Somalis accused of piracy, in Mombasa court 23 September
Image caption More than 100 Somalis are awaiting trial in Kenya after being captured at sea

Kenya has ended an agreement with the European Union to host trials of suspected Somali pirates.

EU and other warships have been patrolling the sea off the East African coast in an effort to end pirate activity.

Dozens of suspected pirates have been handed over to the Kenyan authorities to face justice.

Kenya's prisons are already overcrowded and it is argued that the country can ill afford more prisoners from Somalia.

There are 35 Somali men serving prison sentences in Kenya and more than 100 others await trial after being captured at sea.

But BBC East Africa correspondent Will Ross says the decision to end the agreement to host the trials could not have come at a worse time, as pirate activity is rife.

Somali pirates have already carried out three attacks on merchant shipping in the Indian ocean within the past week.

A clause in the agreement with the European Union had allowed the deal to be cancelled with six months' notice.

That is what the Kenyan government has done, after accusing the international community of failing to fulfil its side of the bargain.

Adan Keynan, chairman of the Parliamentary Committee on Defence and Foreign Relations, was among those welcoming the move.

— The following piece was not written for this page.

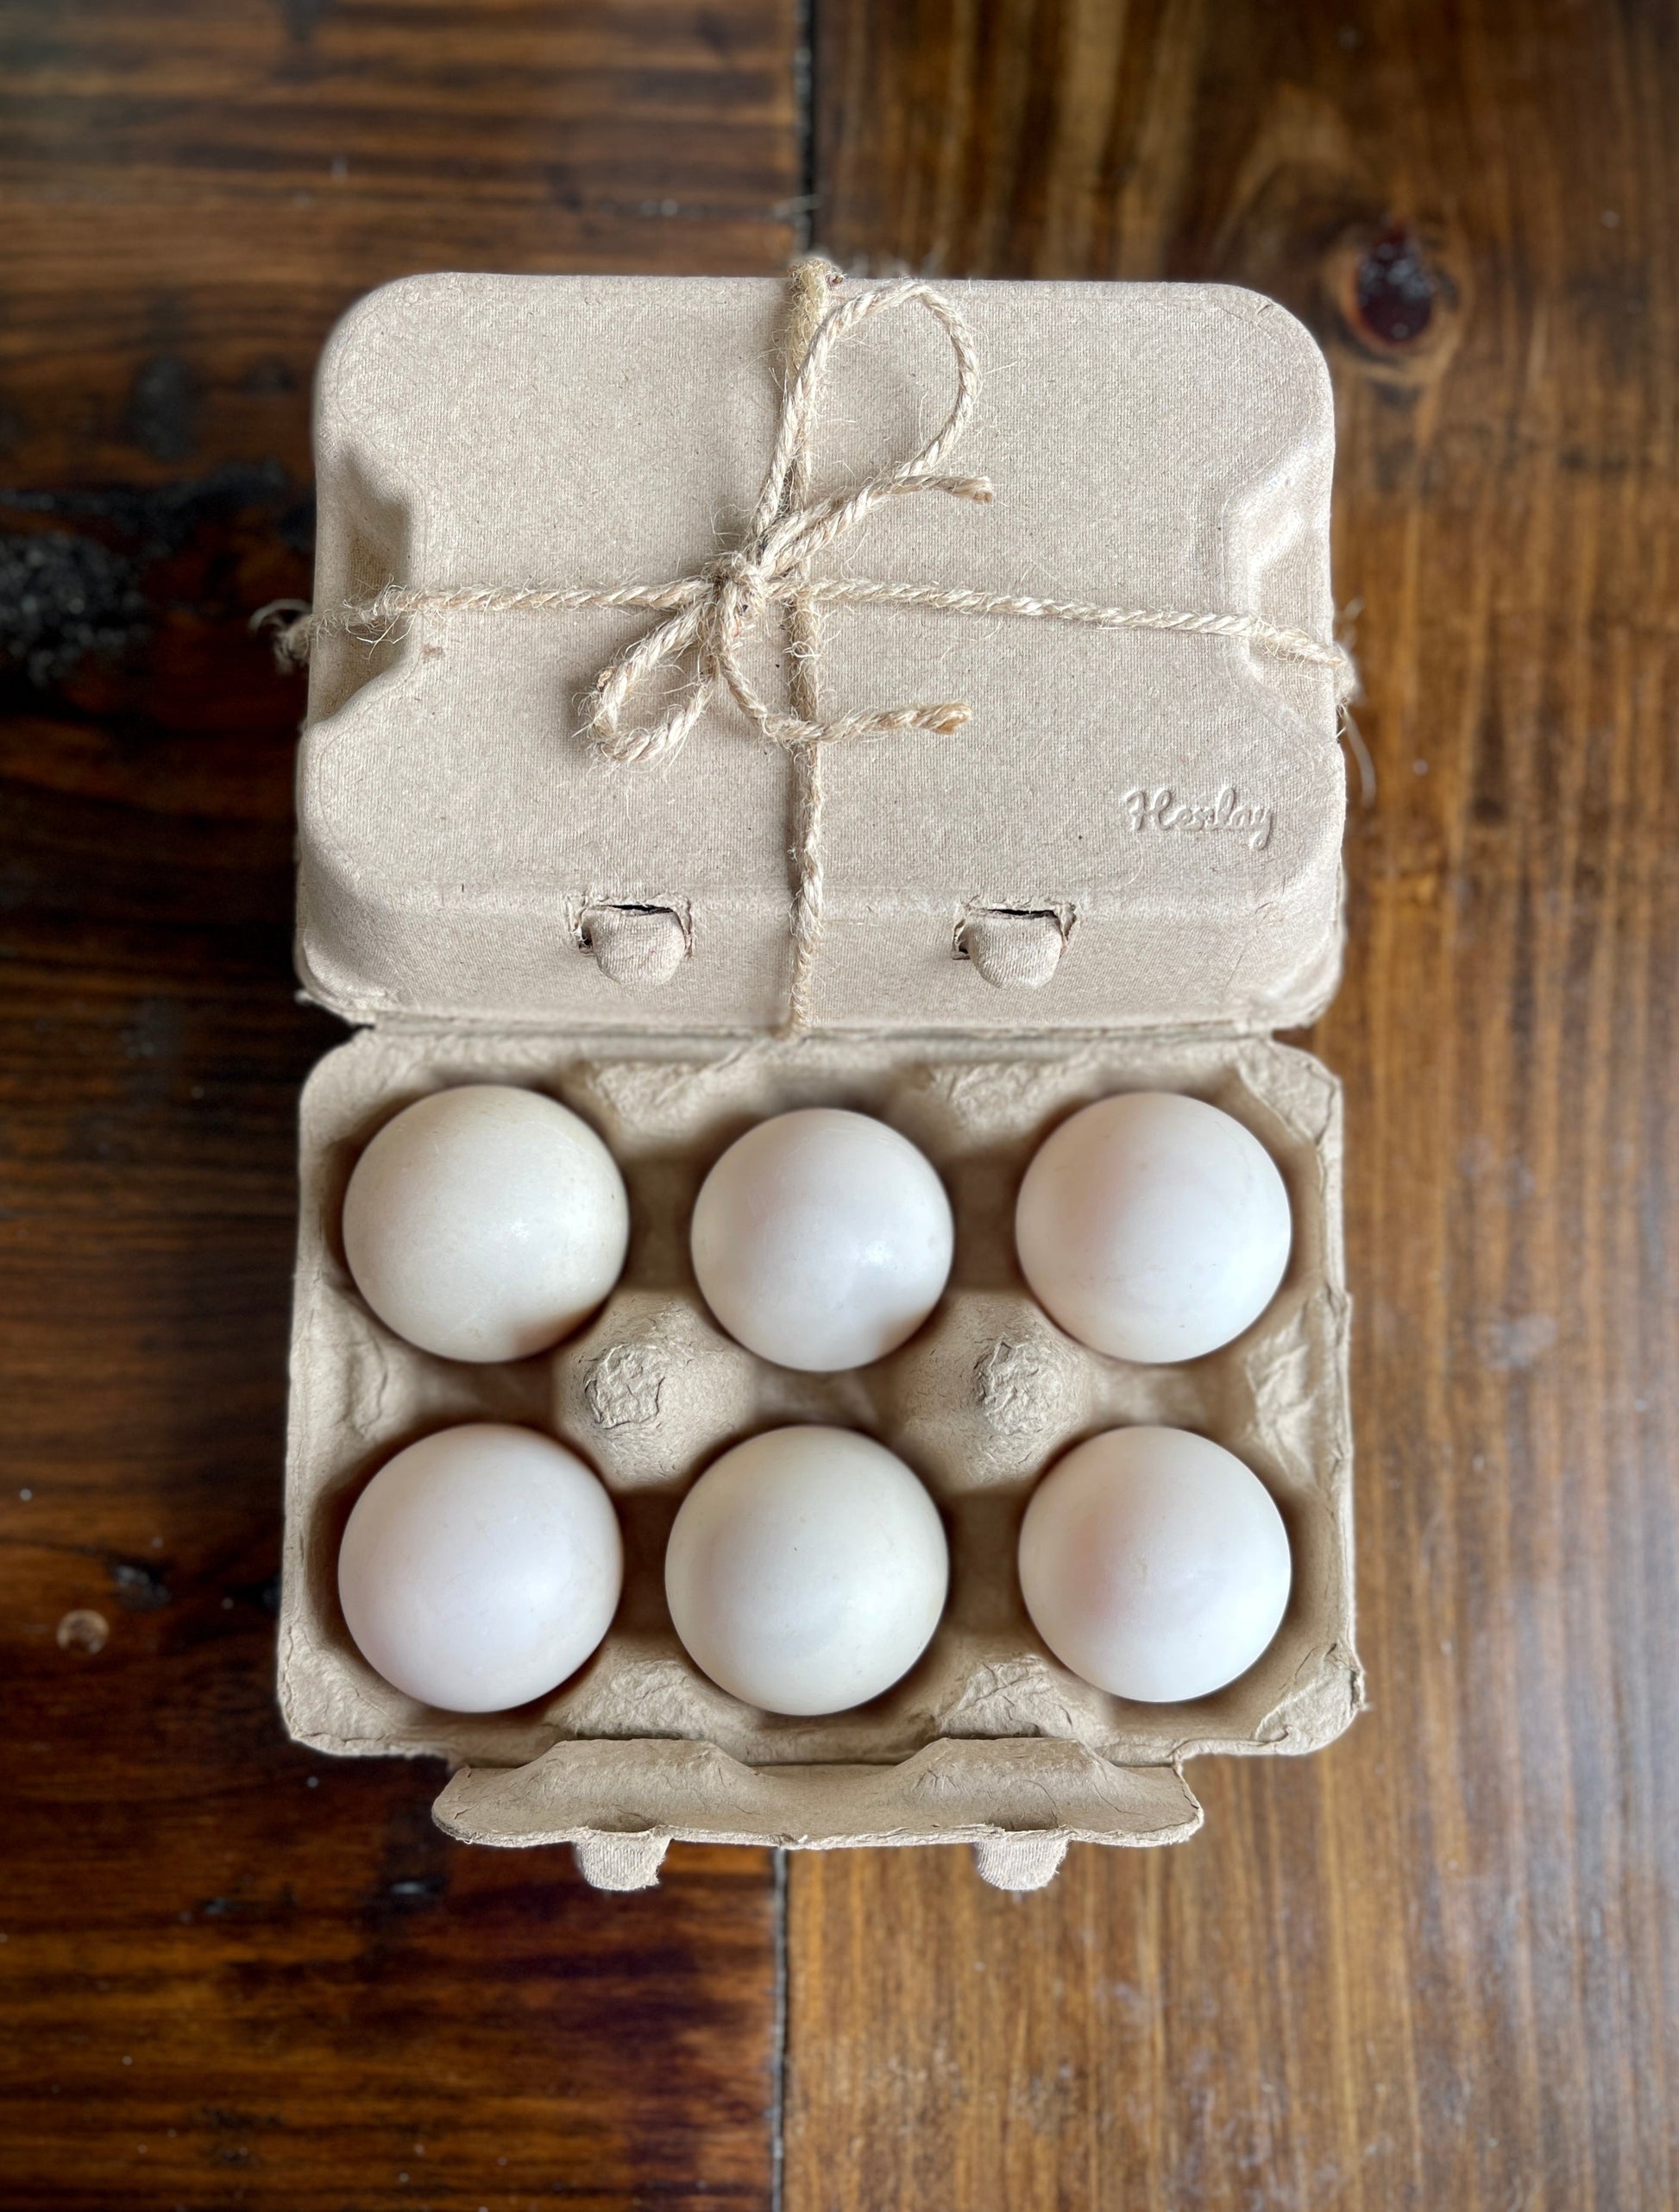 Henlay Duck Egg Cartons Holds Half Dozen Jumbo Eggs From Your

"Arresting, prosecuting and incarcerating pirates here exposes Kenya to these very serious security challenges," Mr Keynan told the local Daily Nation newspaper. "It's not in the interest of Kenyans to try Somali pirates here."

The EU points out it has spent money on Kenya's judicial system, via the United Nation's Office on Drugs and Crime (UNODC).

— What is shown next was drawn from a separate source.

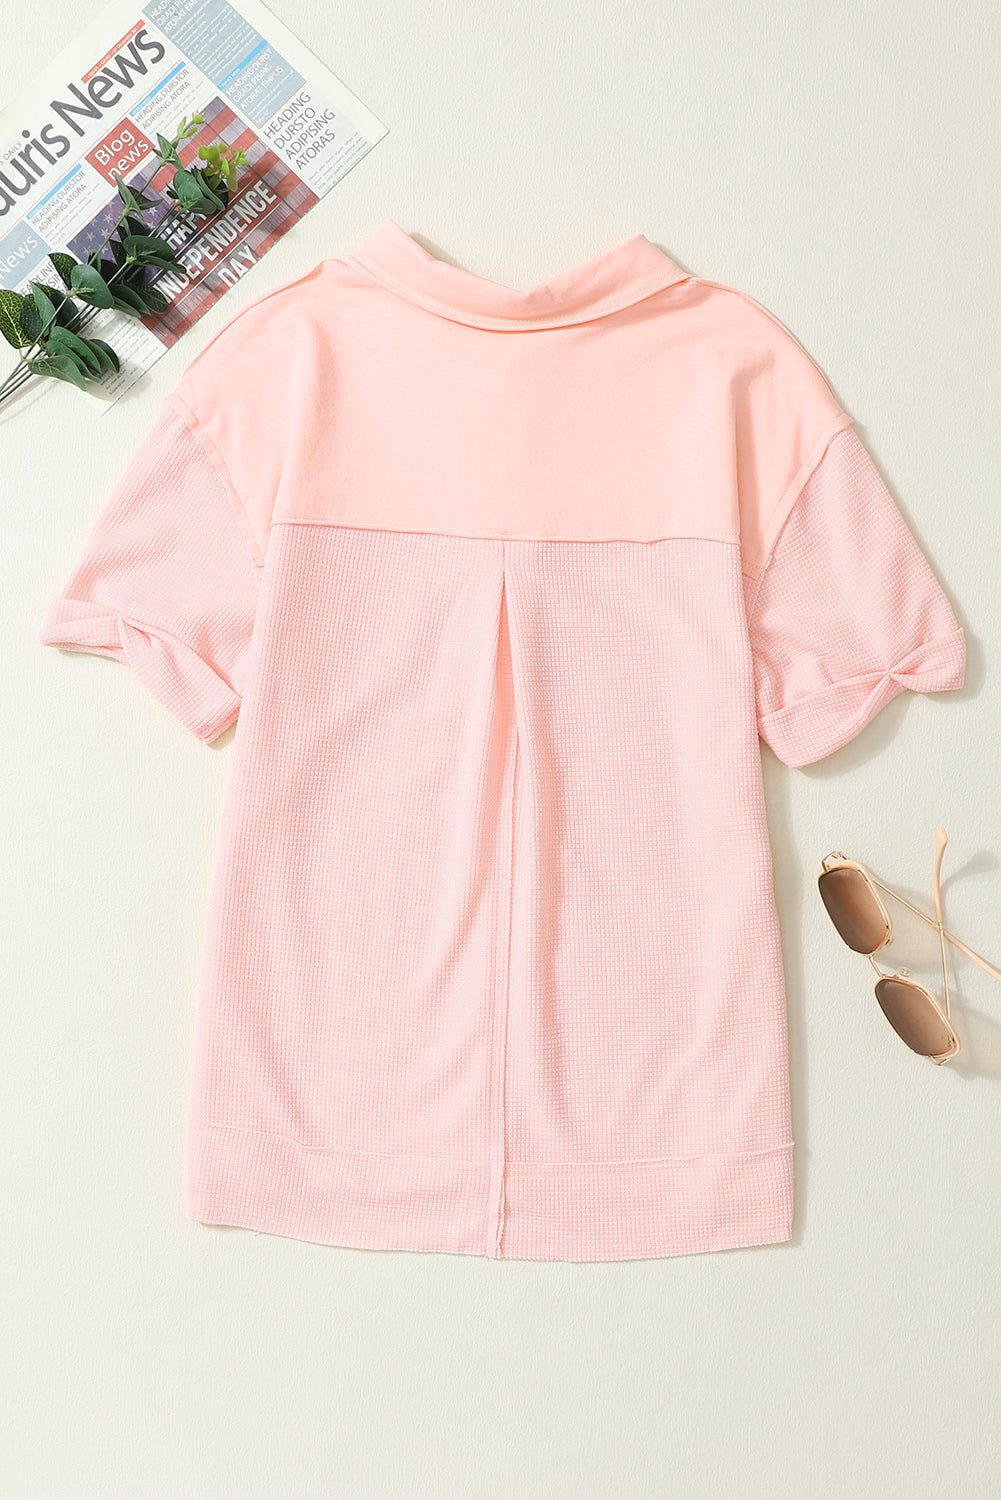 Chemise boutonnée à manches courtes en tricot gaufré rose délavé à l'acide

The UNODC says it has spent almost $3m (£1.89m) so far, some of which was used to build a special court to host piracy trials.

The EU's representative in Kenya, Ambassador Eric van der Linden, released a statement in which he pointed out that the crime also damages Kenyan economic interests.

Image caption International warships have stepped up their patrols against piracy

"Without international protection of the international maritime transport routes ports like Mombasa or Dar es Salaam would be even further affected by piracy."

But Mr van der Linden said he hoped for continued co-operation and offered to engage in "consultations to overcome Kenya's difficulties".

Piracy is clearly a threat to Kenya, which does not have the capacity to patrol the seas and all nations, including Kenya, must be keen to ensure there is no impunity for pirates, our correspondent says.

But the current uncertainty surrounding the trials does little to suggest the international community is building a united and determined front to tackle the piracy scourge, he says.

Apart from Kenya, the Seychelles is the only other country to have agreed to host such trials.